PARIS (Reuters) - Far-right presidential challenger Marine Le Pen refused to rule out capital controls if she won the election and there was a run on banks as she negotiated France's exit from the European Union, but stressed they were unlikely to be needed.
In an interview with Reuters ahead of Sunday's decisive second round, Le Pen reaffirmed she wanted to take France out of the euroand said she hoped the French people would have a national currency in their pockets within two years.
Le Pen said she wanted to replace the EU single currency with another, looser type of cooperation in the form of the ECU basket of currencies that preceded the euro.
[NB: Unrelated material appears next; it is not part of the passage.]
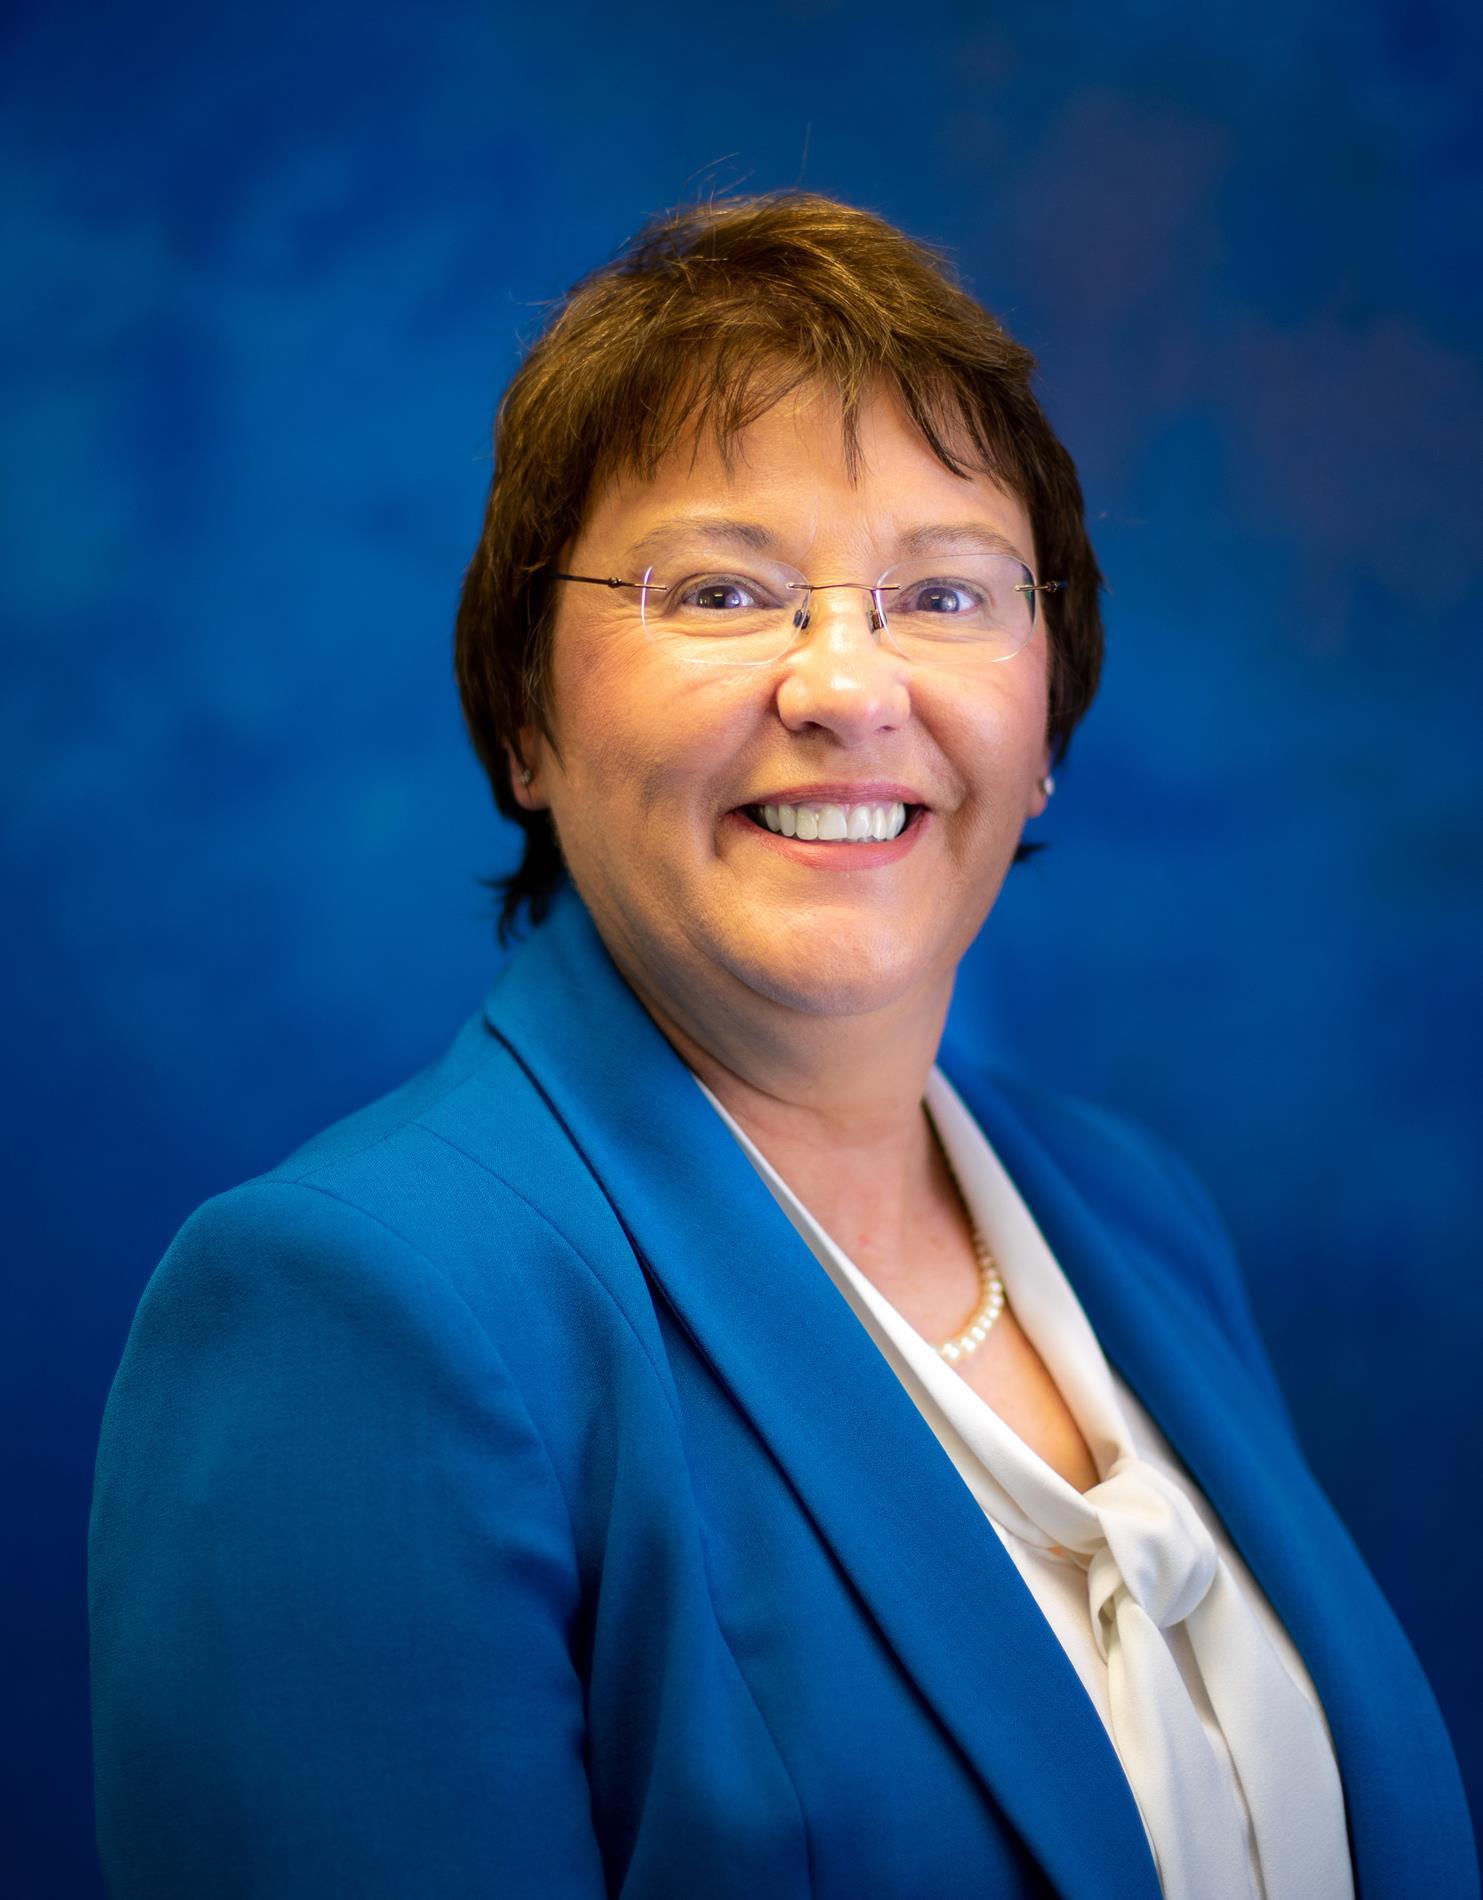 Dr. Reba Bailey Director of Federal Programs

That would exist alongside a national currency.
"The objective is to transform the euro 'single currency' into a euro 'common currency', going back to the ancestor of the euro, the ECU, which was an accounting unit that did not stop each country from having each its own currency," Le Pen said.
Calling the euro a deadweight on the French economy, the National Front candidate said a new national currency would better protect French people's savings. She accused the "establishment" of wanting to "frighten" voters into thinking otherwise.
"I am convinced there won't be any banking crisis," Le Pen said when asked if French negotiations to quit the EU could trigger a run on French banks.
Asked if she would impose capital controls if savers nevertheless did rush to take their money out of banks, she said: "If there's a run on banks, we could very well imagine such a solution for a few days, but I'm telling you it won't happen."